WHAT TO WORK ON:
Take the entries below and print, exactly, the stretch from the line containing "skater with logo2.jpg" through the line containing "Dịch vụ bảo vệ giá rẻ Đà Nẵng", both included.

DATA PROVIDED:
◆ ◆ ◆ ◆

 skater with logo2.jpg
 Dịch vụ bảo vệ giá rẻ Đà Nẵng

◆ ◆ ◆ ◆

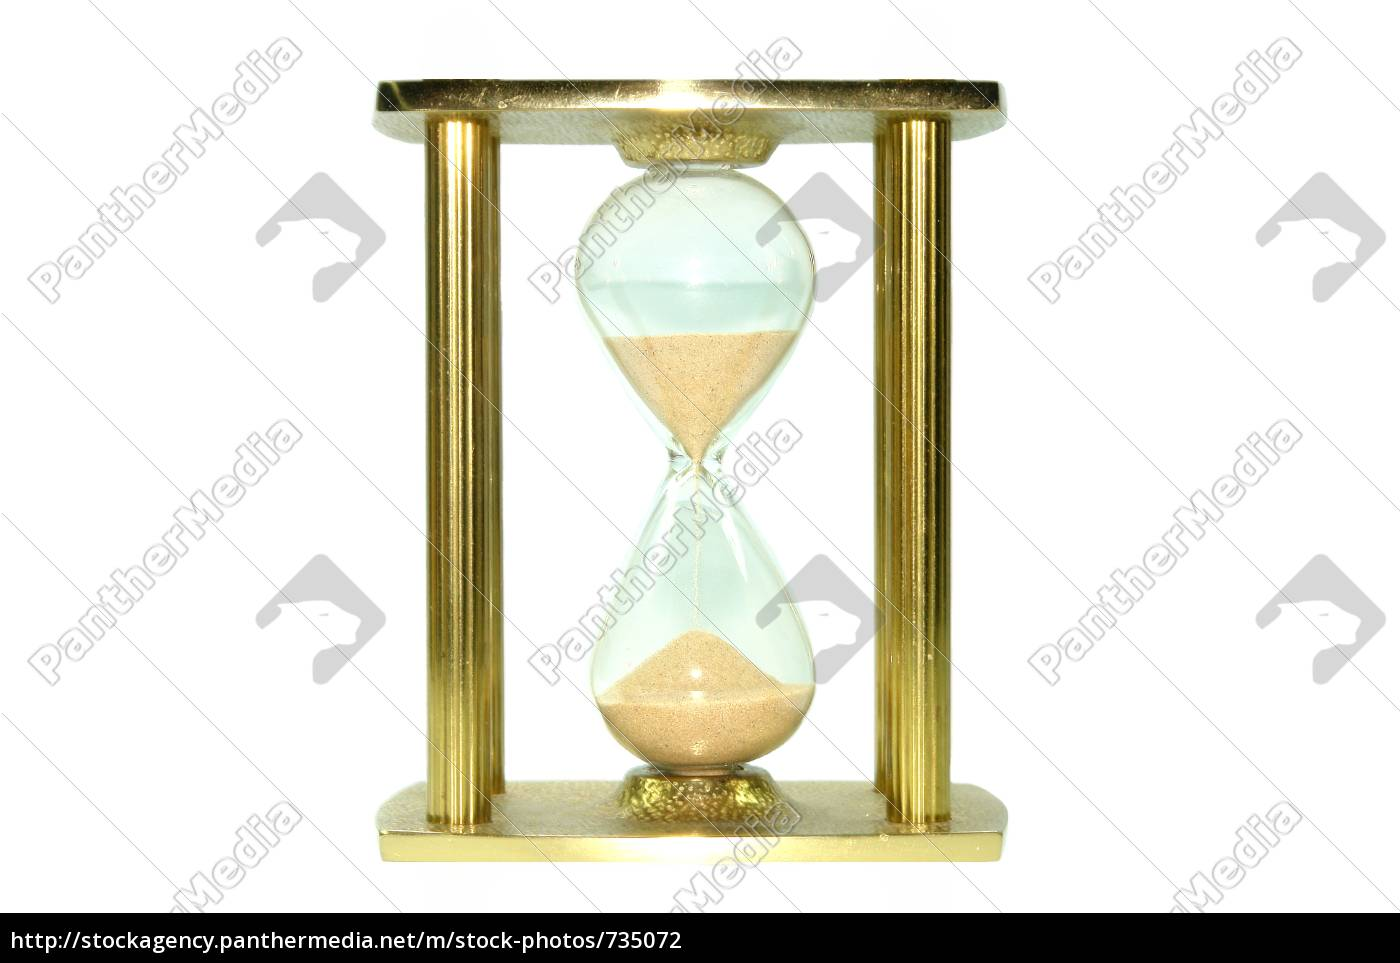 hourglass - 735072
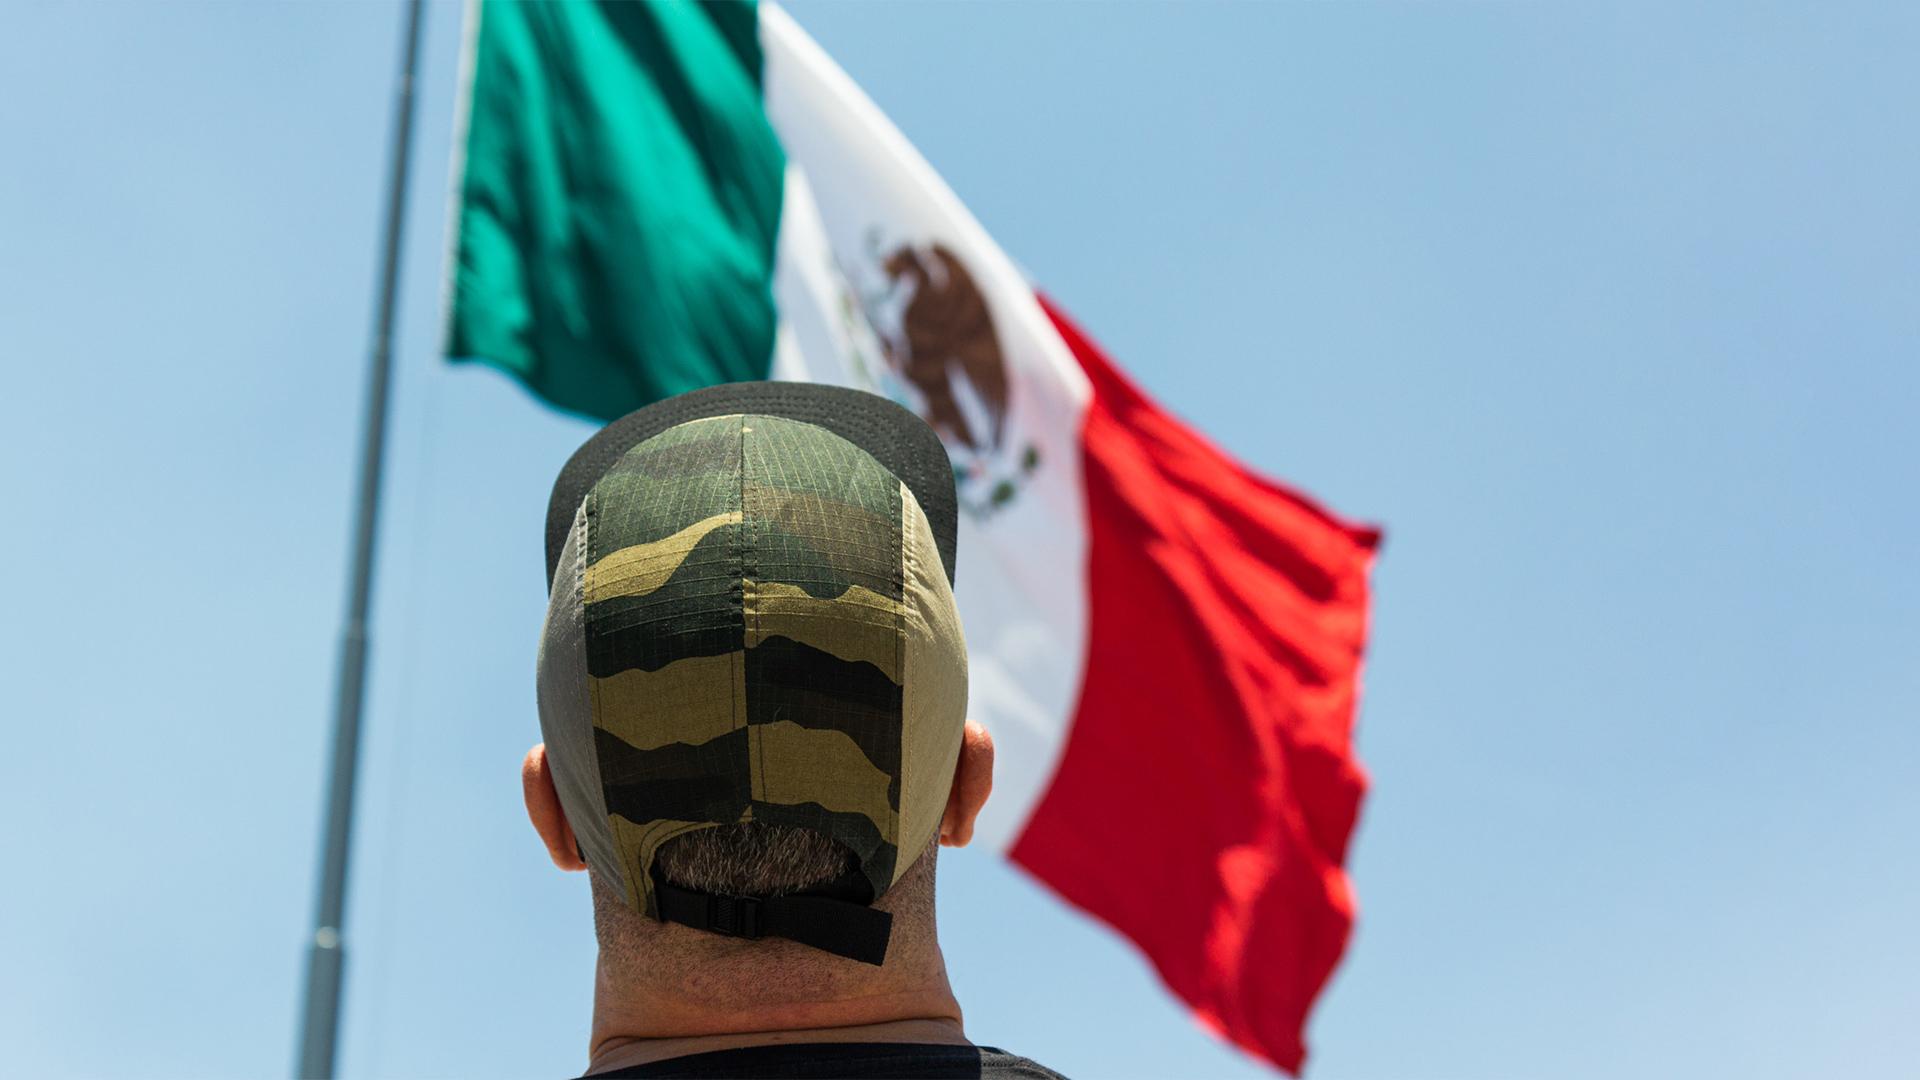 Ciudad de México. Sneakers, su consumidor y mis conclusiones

◆ ◆ ◆ ◆

SOLUTION TO THIS TASK:
 skater with logo2.jpg
 Dịch vụ bảo vệ giá rẻ Đà Nẵng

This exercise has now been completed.